Data excerpt:
# # # #

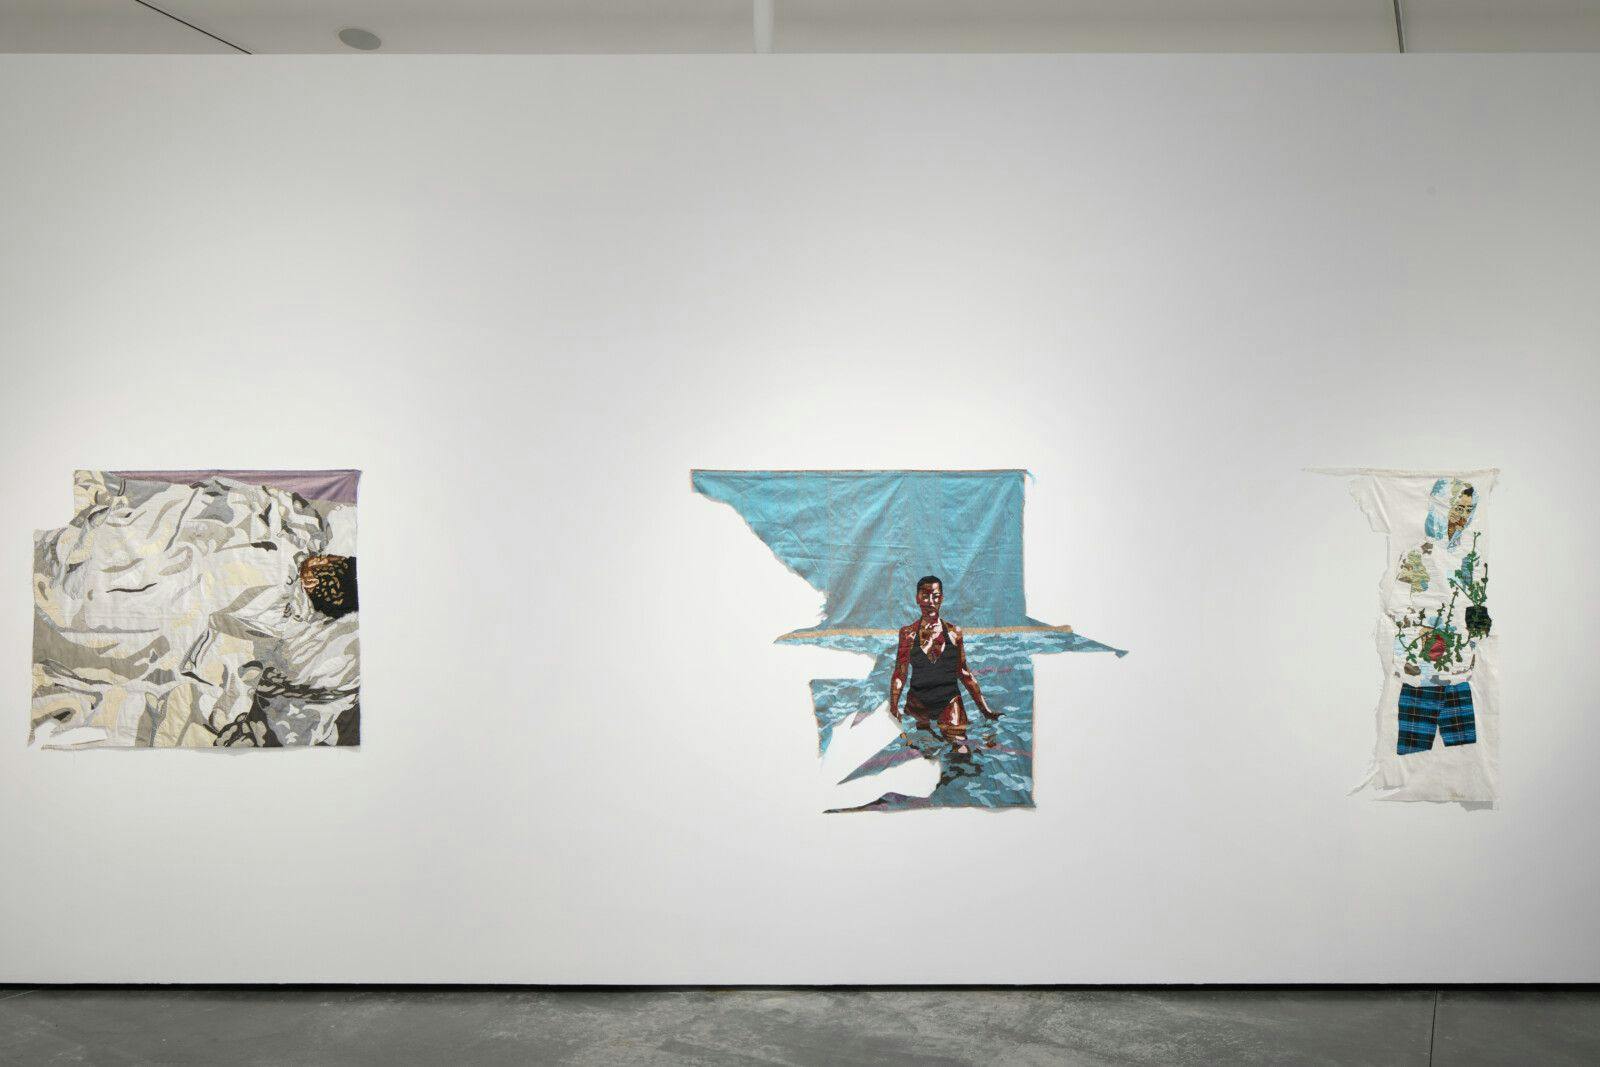 Billie Zengawa, “A Vivid Imagination” via the artist and Lehmann Maupin, New York, Hong Kong, Seoul, and London
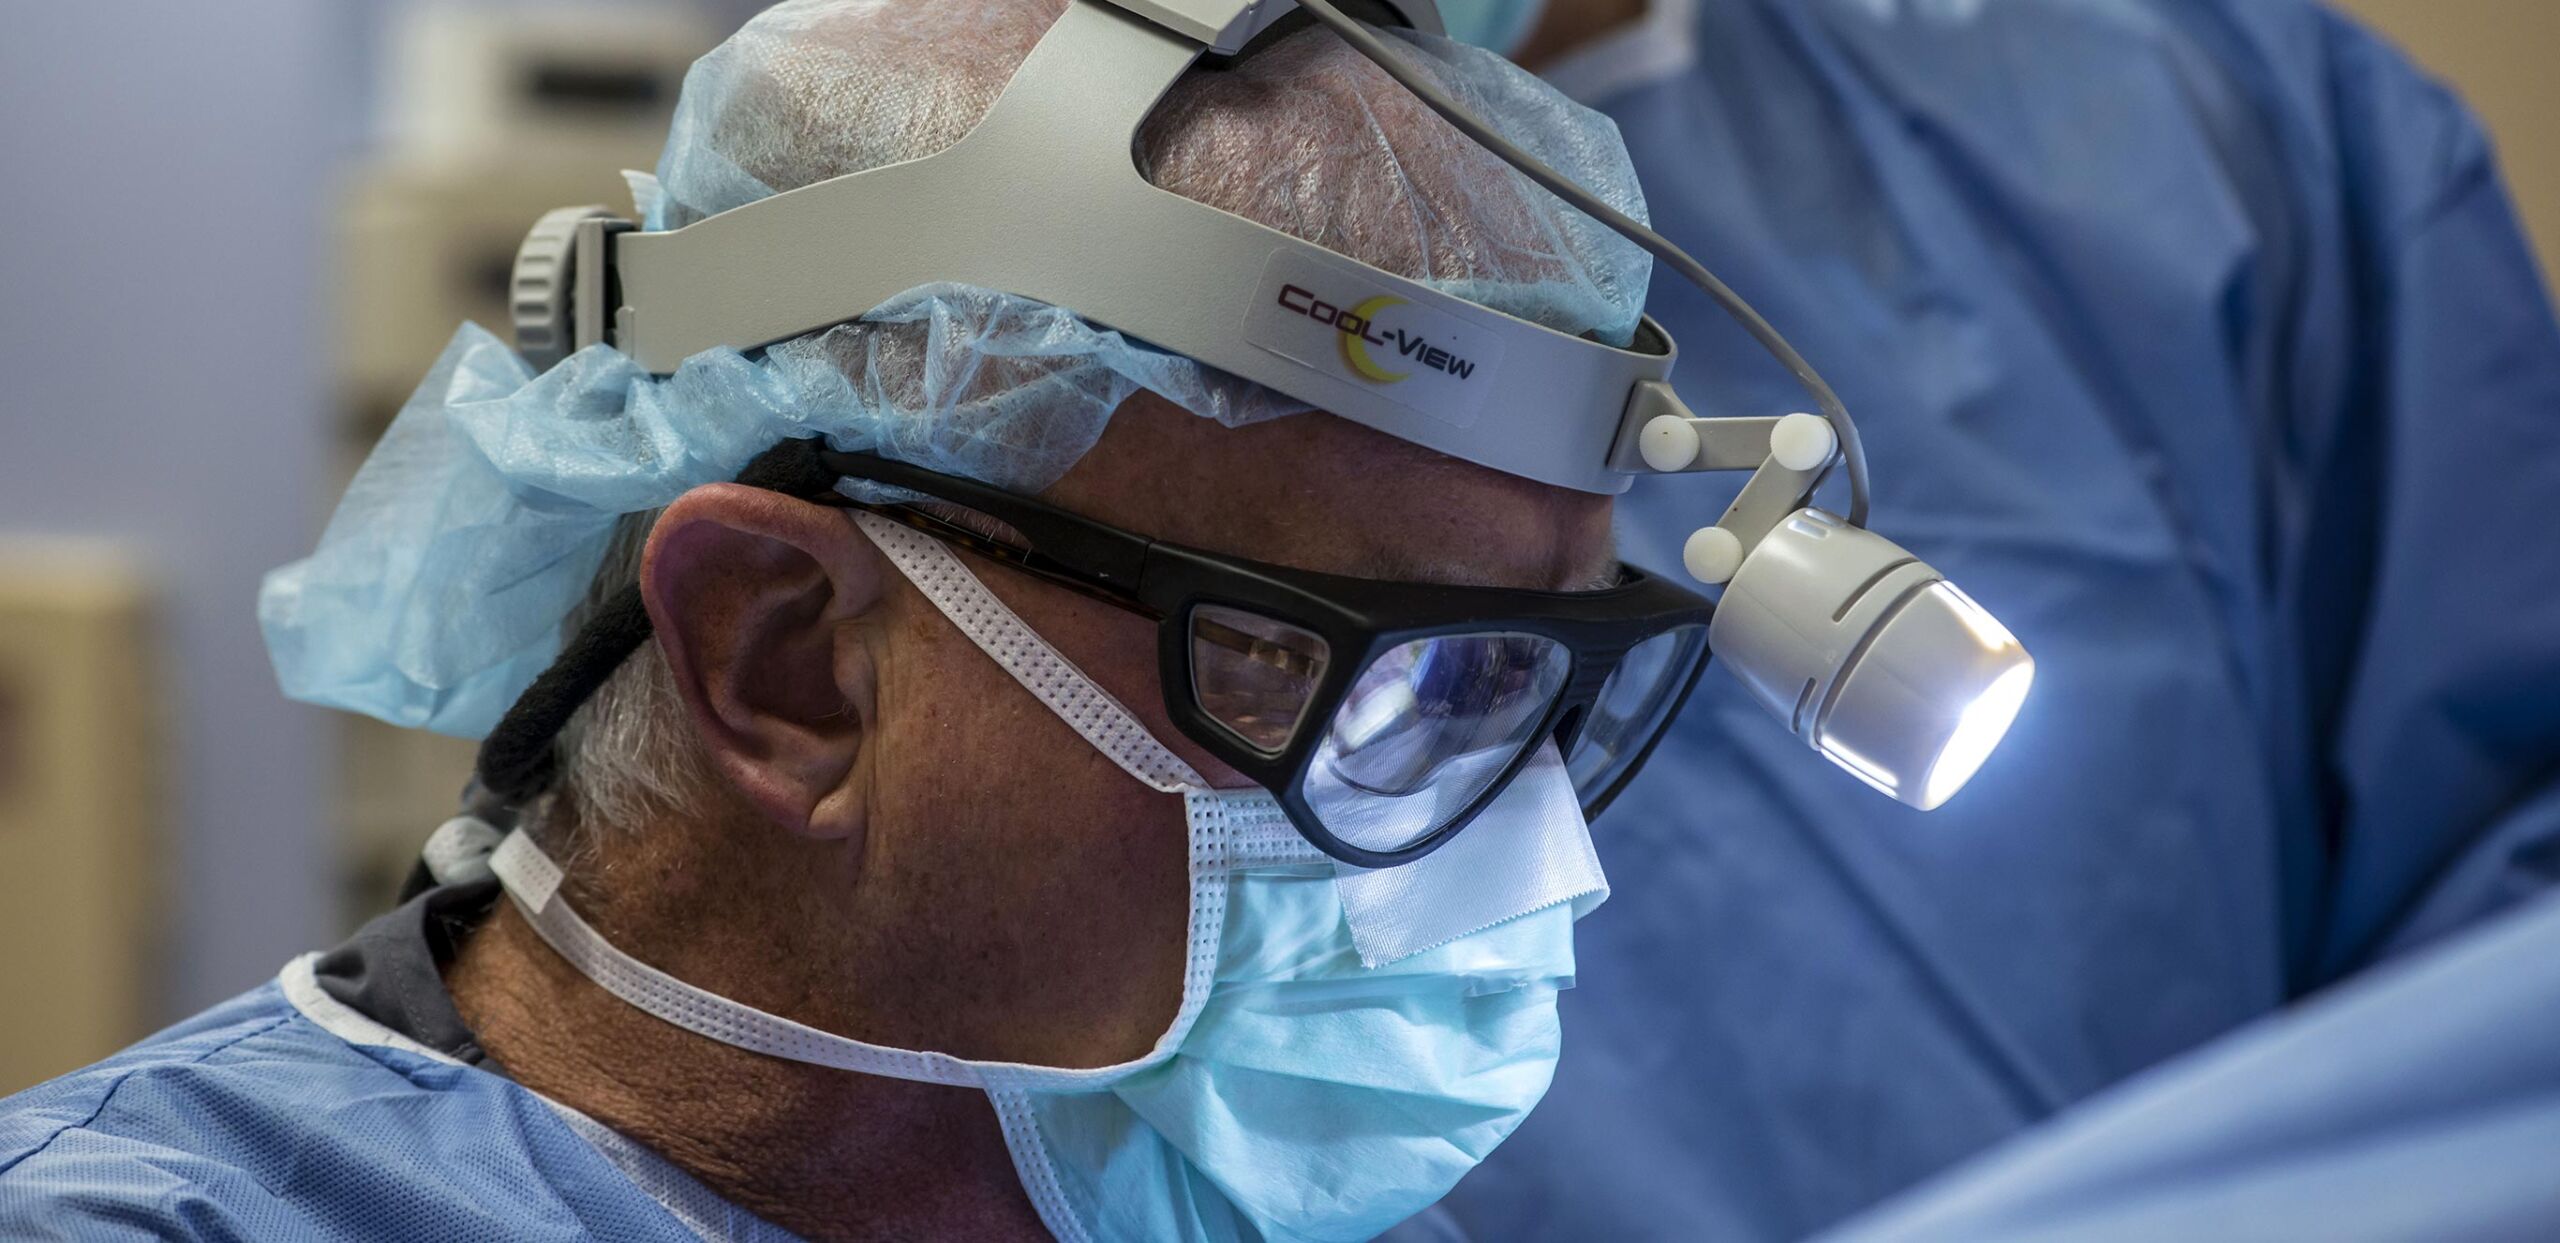 Cardiac surgeon James Kirchhoffer, MD, wears a headlamp while performing cardiac surgery, Cooley Dickinson Medical Group Hampshire Cardiovascular Associates, Northampton, MA 01060.
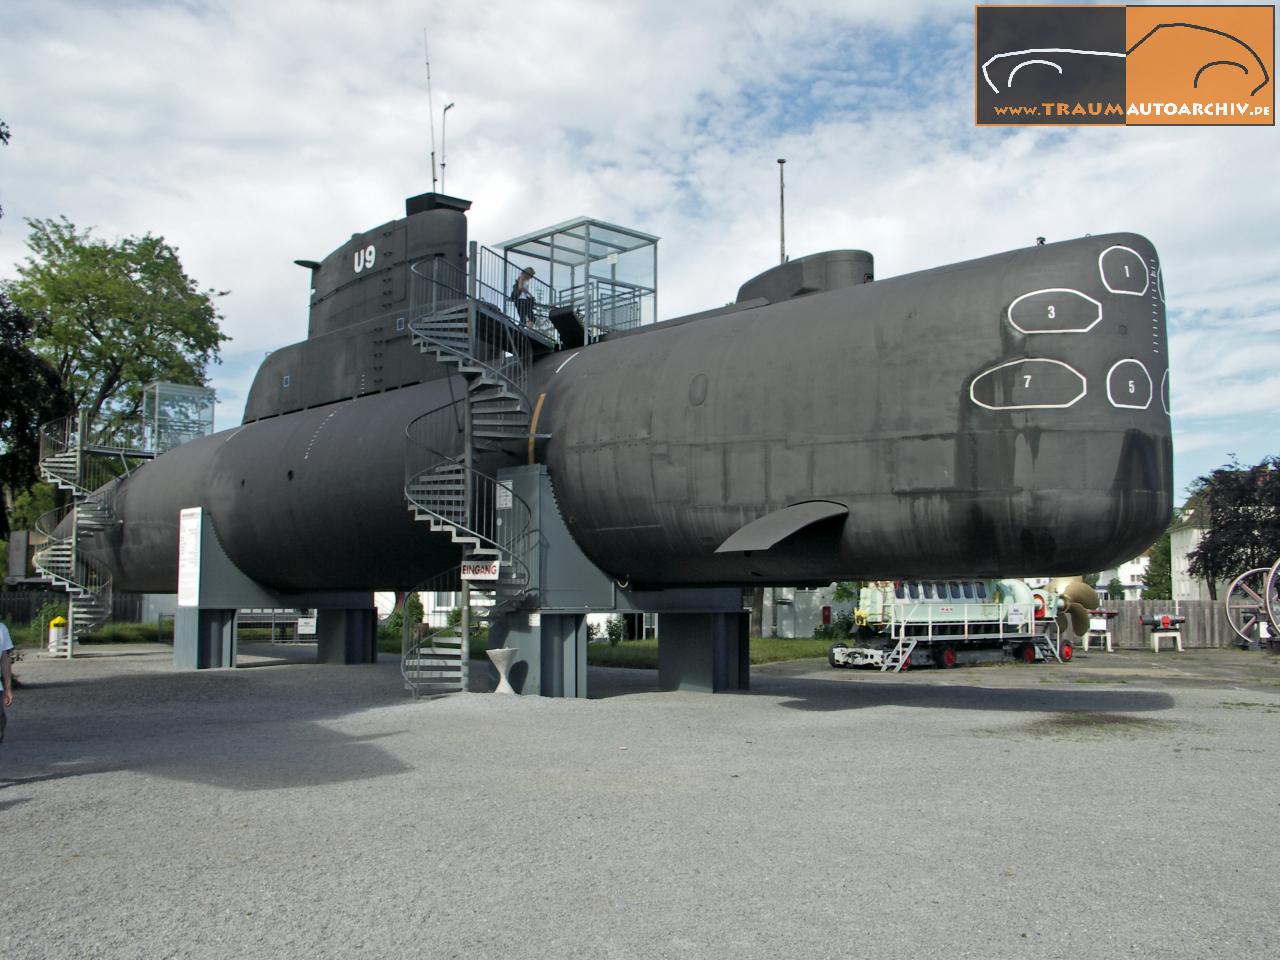 Unterseeboot U9 '1967 (1).jpg 152.8K

# # # #

Exercise instructions:
Each line from the one that holds "Cardiac surgeon James" through the final line of the data must be retyped exactly; the pictures must not appear.

Solution for this problem:
 Cardiac surgeon James Kirchhoffer, MD, wears a headlamp while performing cardiac surgery, Cooley Dickinson Medical Group Hampshire Cardiovascular Associates, Northampton, MA 01060.
 Unterseeboot U9 '1967 (1).jpg 152.8K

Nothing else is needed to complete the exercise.